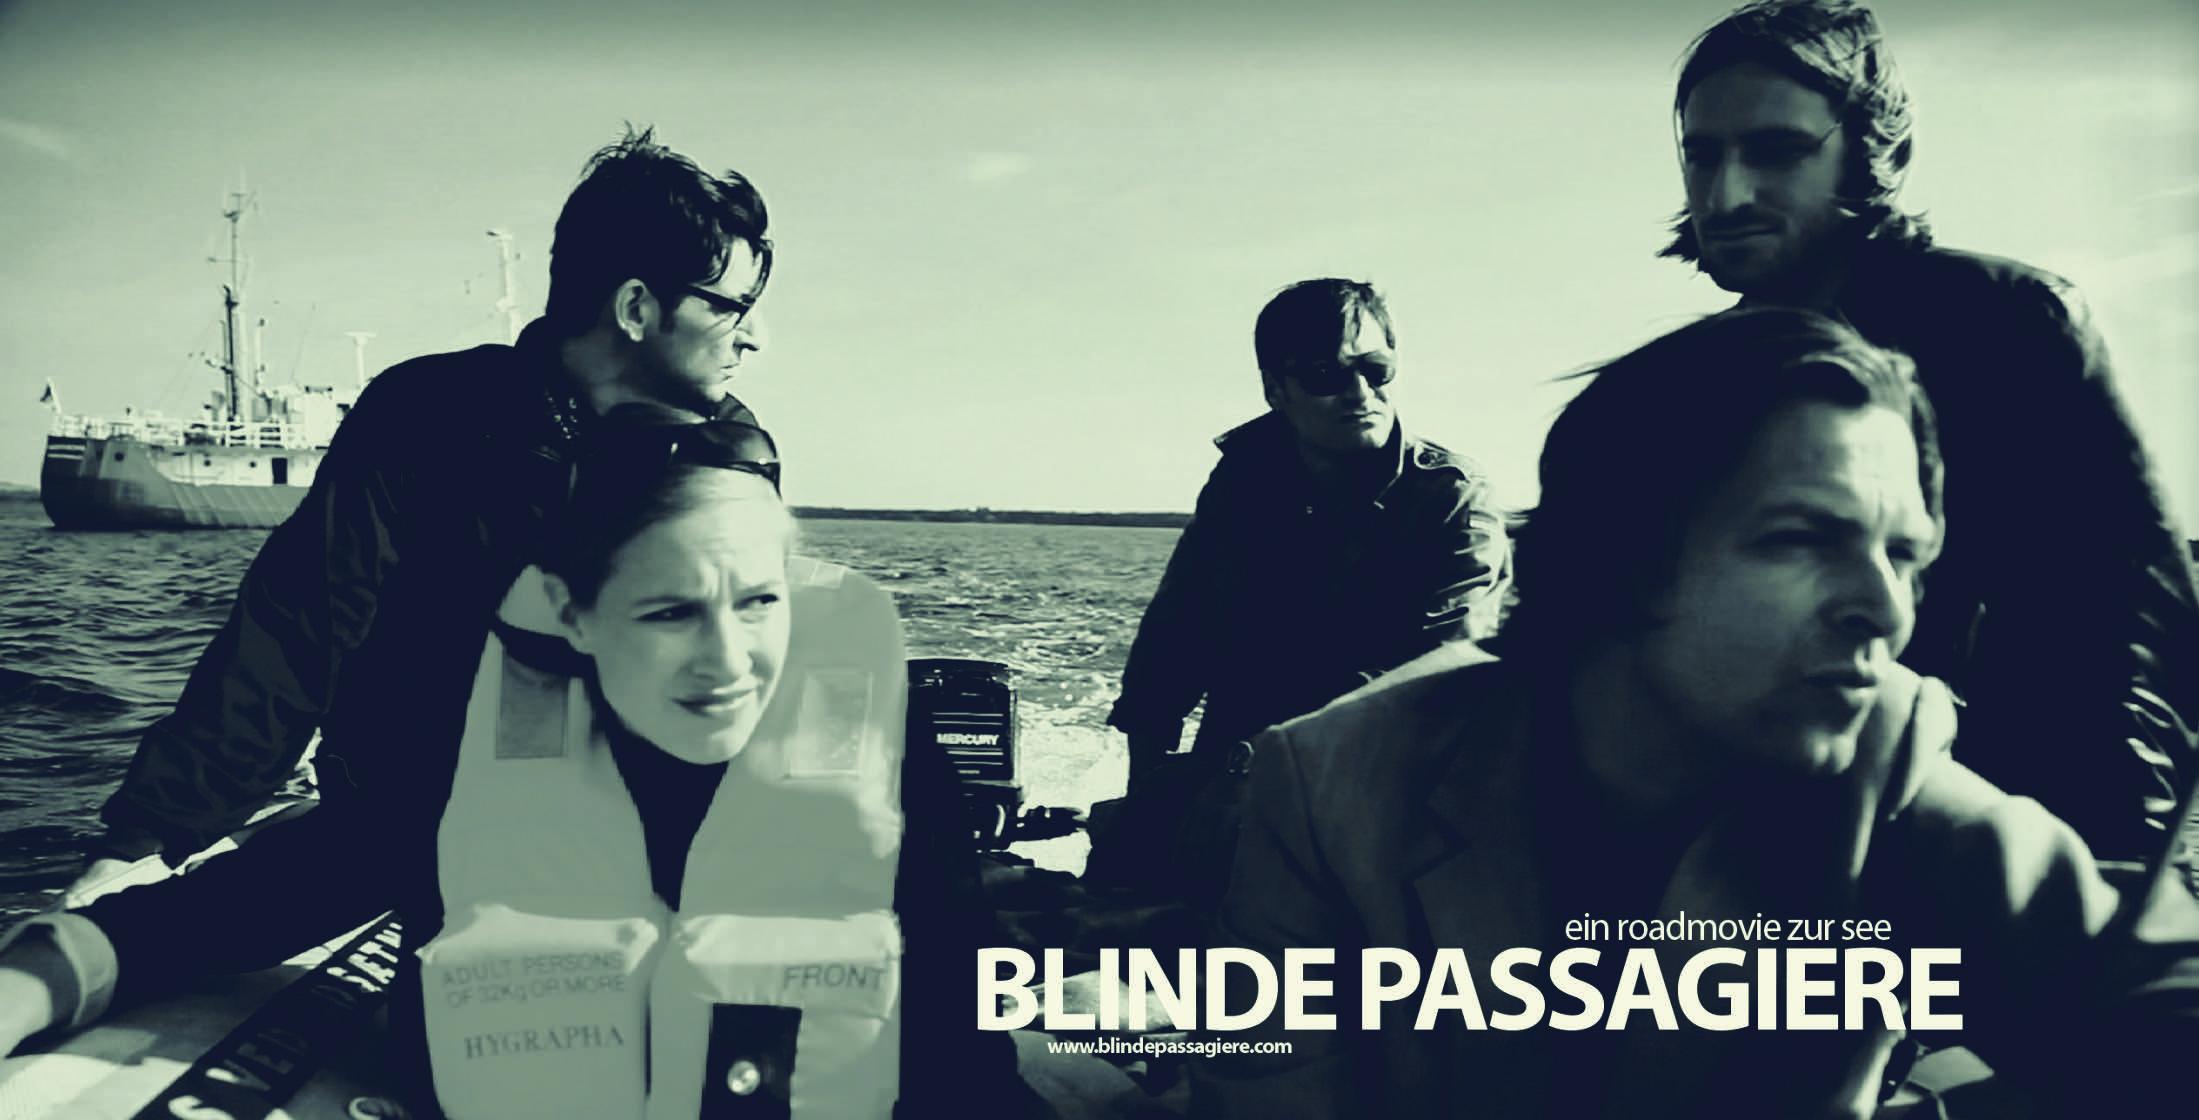 Blinde_Passagiere_Der_Film_Jarek_Raczek_sw
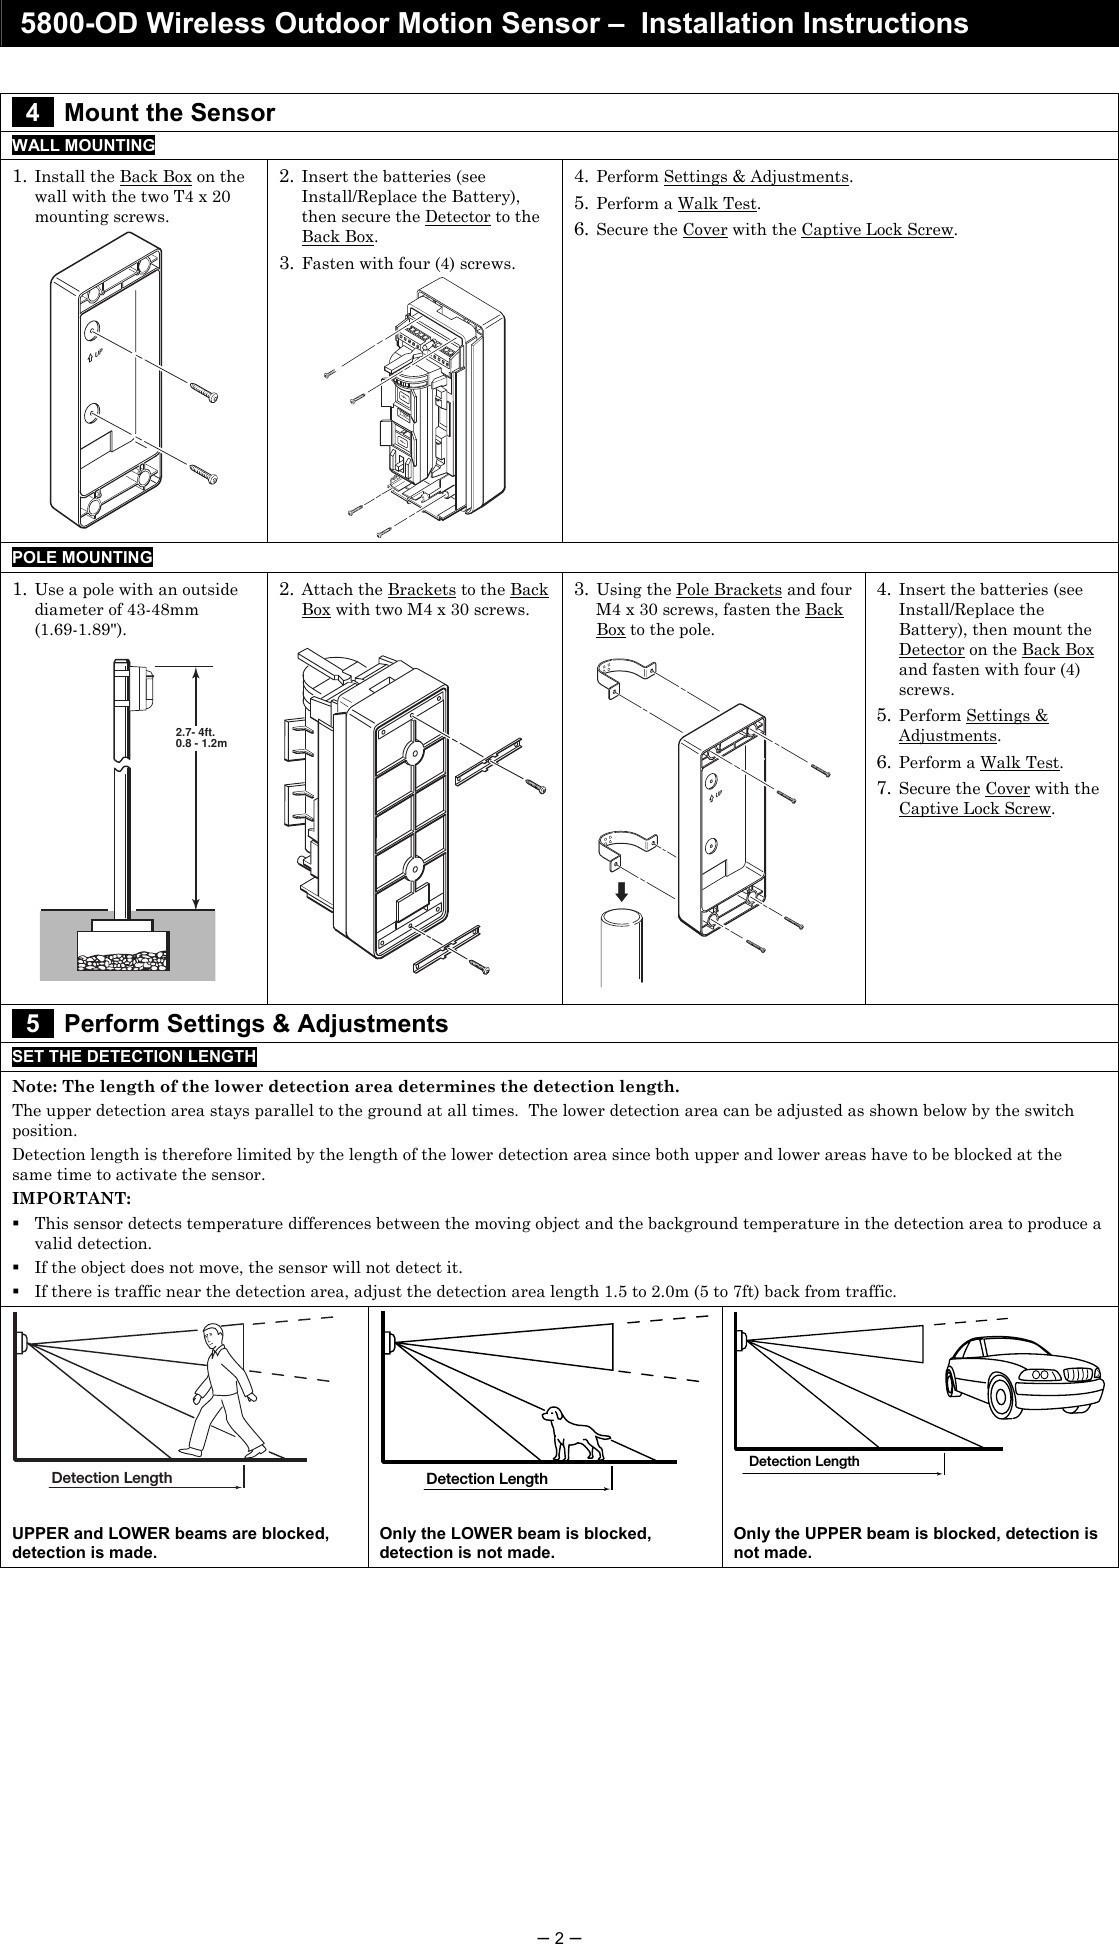 Car Alarm Circuit Diagram Wiring Diagram for Home Alarm ... on
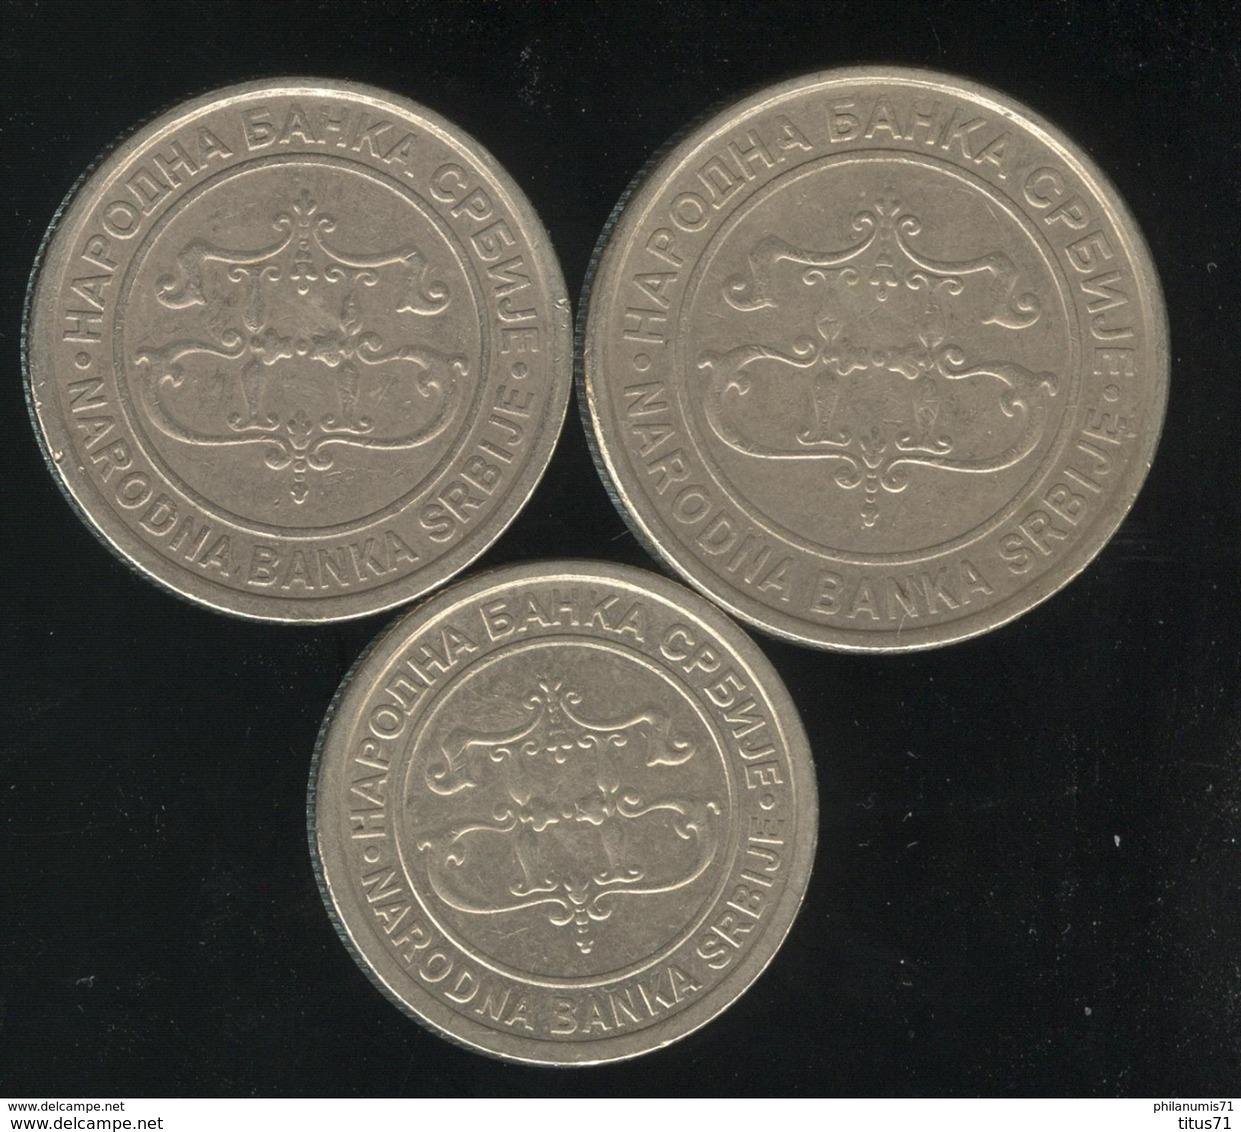 Lot Serbie / Serbia - 5 , 10 , 20 Dinar 2003 - Serbie
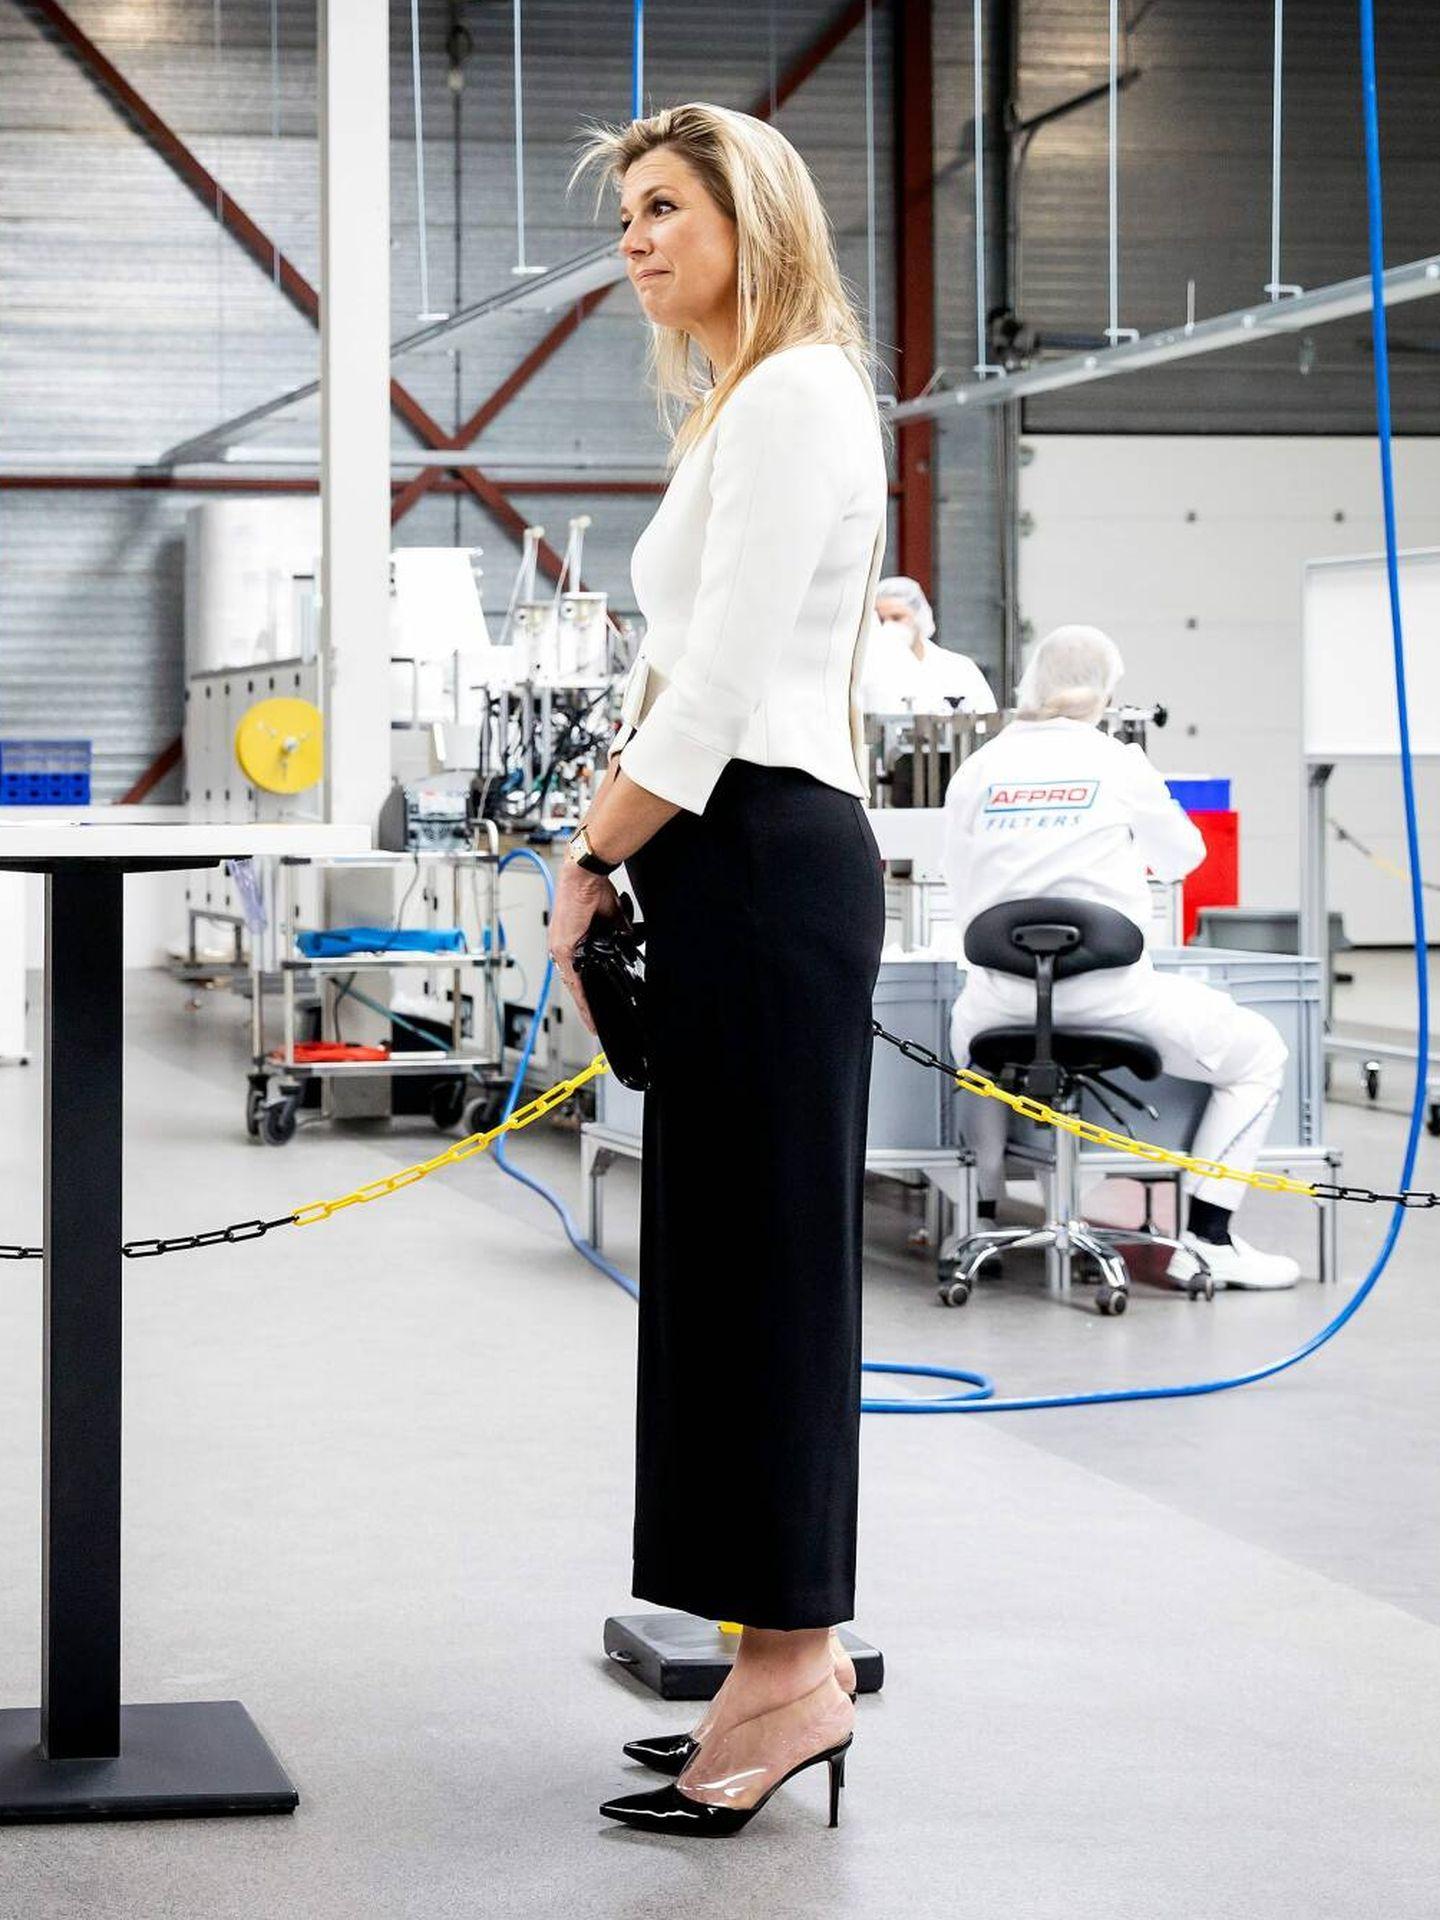 Máxima de Holanda, con zapatos de vinilo en un compromiso oficial. (Cordon Press)

----

> [PROBLEM DESCRIPTION]: Word for word, restate all of the material above except its pictures.

> [ANSWER SECTION]:
 Blinde_Passagiere_Der_Film_Jarek_Raczek_sw
 Car Alarm Circuit Diagram Wiring Diagram for Home Alarm ... on
 Lot Serbie / Serbia - 5 , 10 , 20 Dinar 2003 - Serbie
 Máxima de Holanda, con zapatos de vinilo en un compromiso oficial. (Cordon Press)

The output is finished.